## REQUIRED WORK
Your answer should hold the data exactly as given, minus any picture.

## COLLECTED MATERIAL
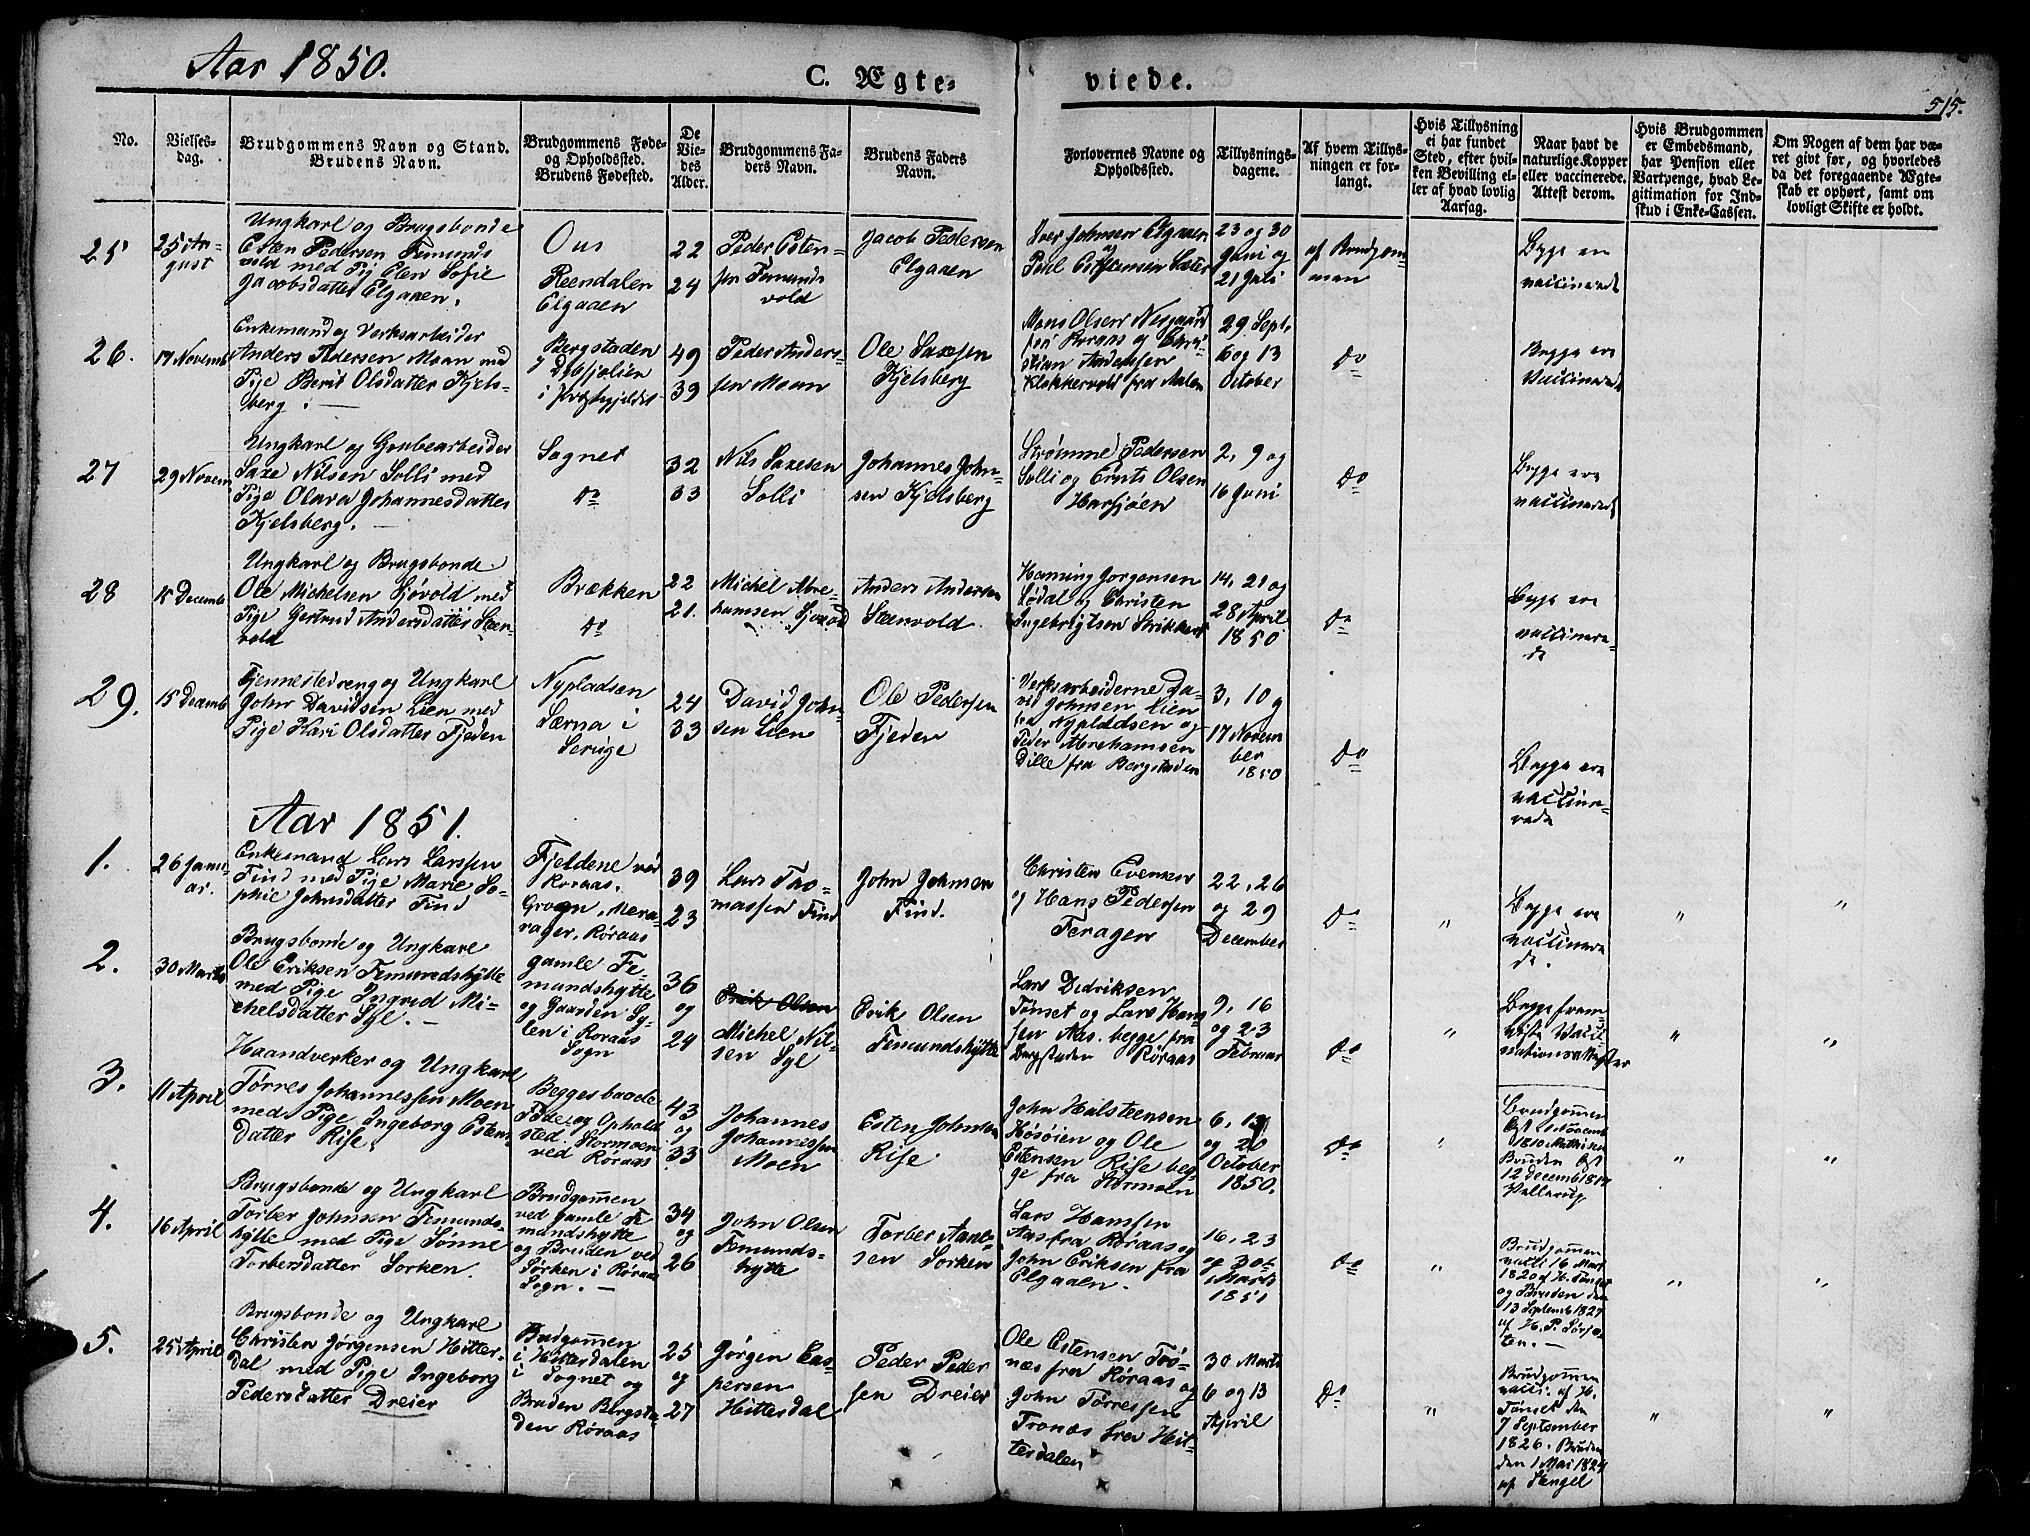 SAT, Ministerialprotokoller, klokkerbøker og fødselsregistre - Sør-Trøndelag, 681/L0939: Klokkerbok nr. 681C03, 1829-1855, s. 515
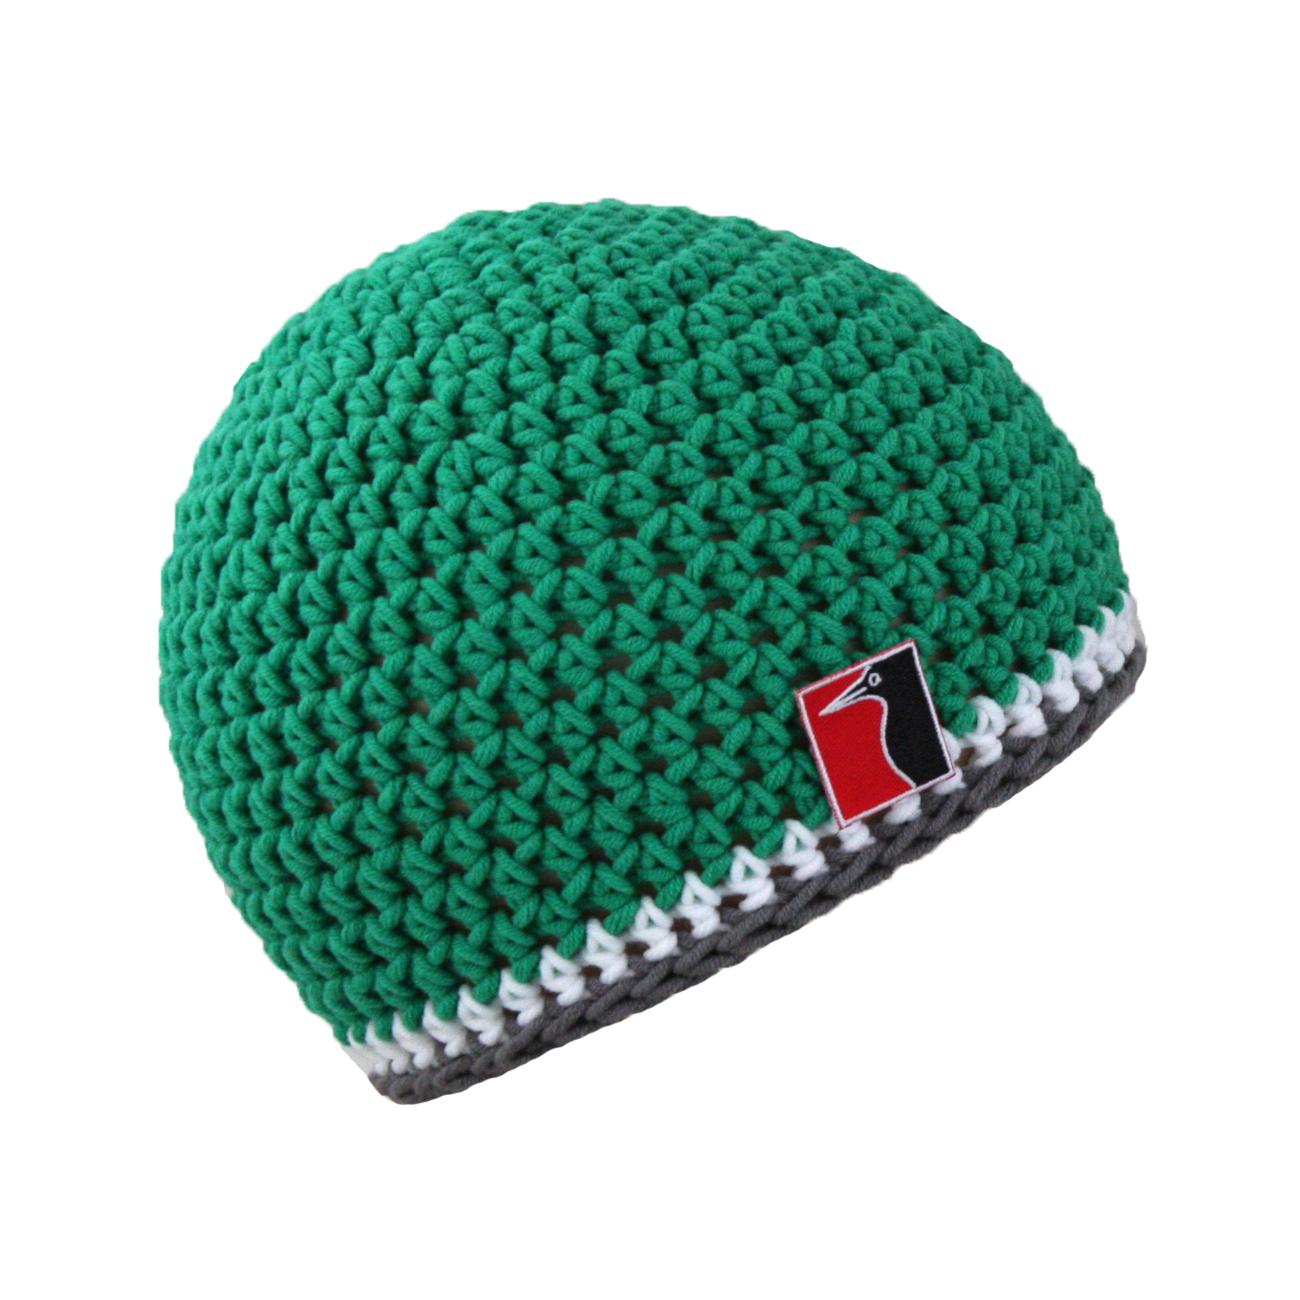 gehäkelte Sommermütze grün Streifen weiss grau
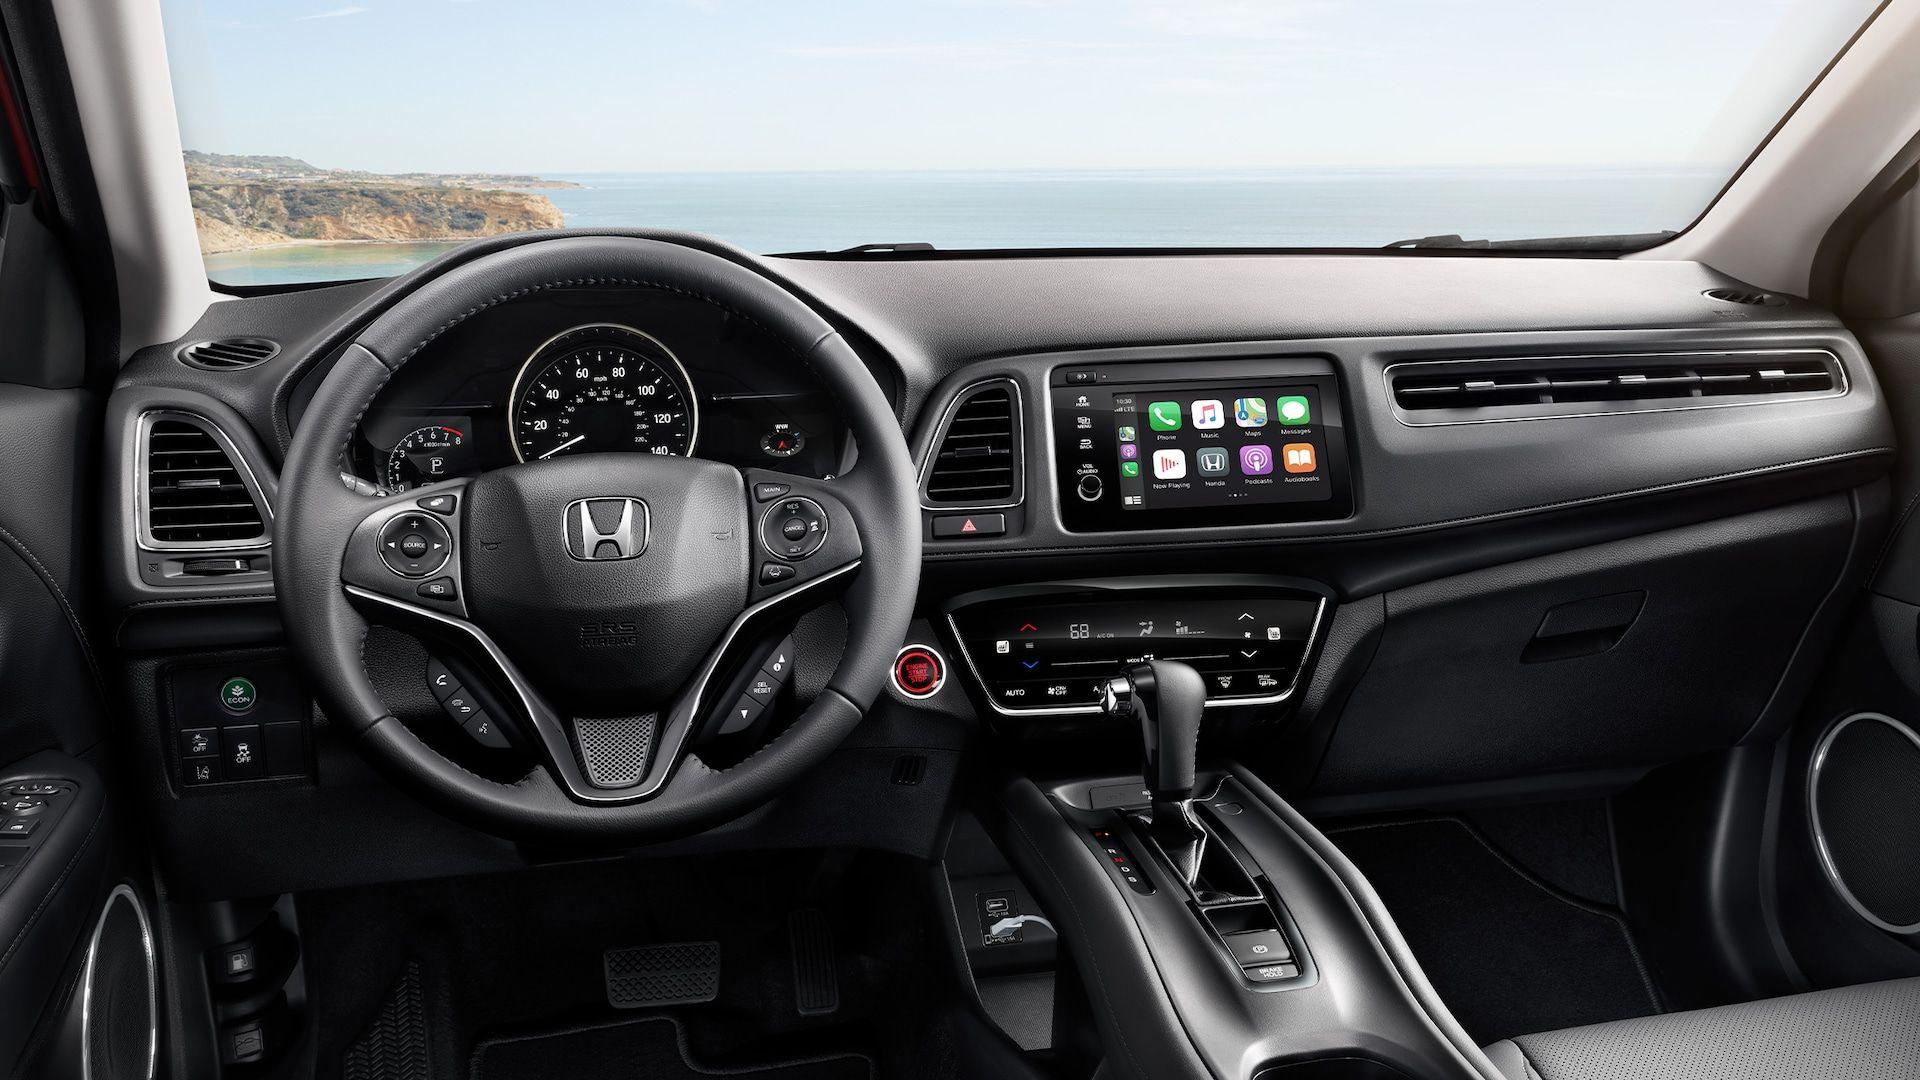 2020 Honda Hr V The Crossover Suv Honda Honda Hrv Crossover Suv Suv Honda

## SOLUTION
 SAT, Ministerialprotokoller, klokkerbøker og fødselsregistre - Sør-Trøndelag, 681/L0939: Klokkerbok nr. 681C03, 1829-1855, s. 515
 gehäkelte Sommermütze grün Streifen weiss grau
 2020 Honda Hr V The Crossover Suv Honda Honda Hrv Crossover Suv Suv Honda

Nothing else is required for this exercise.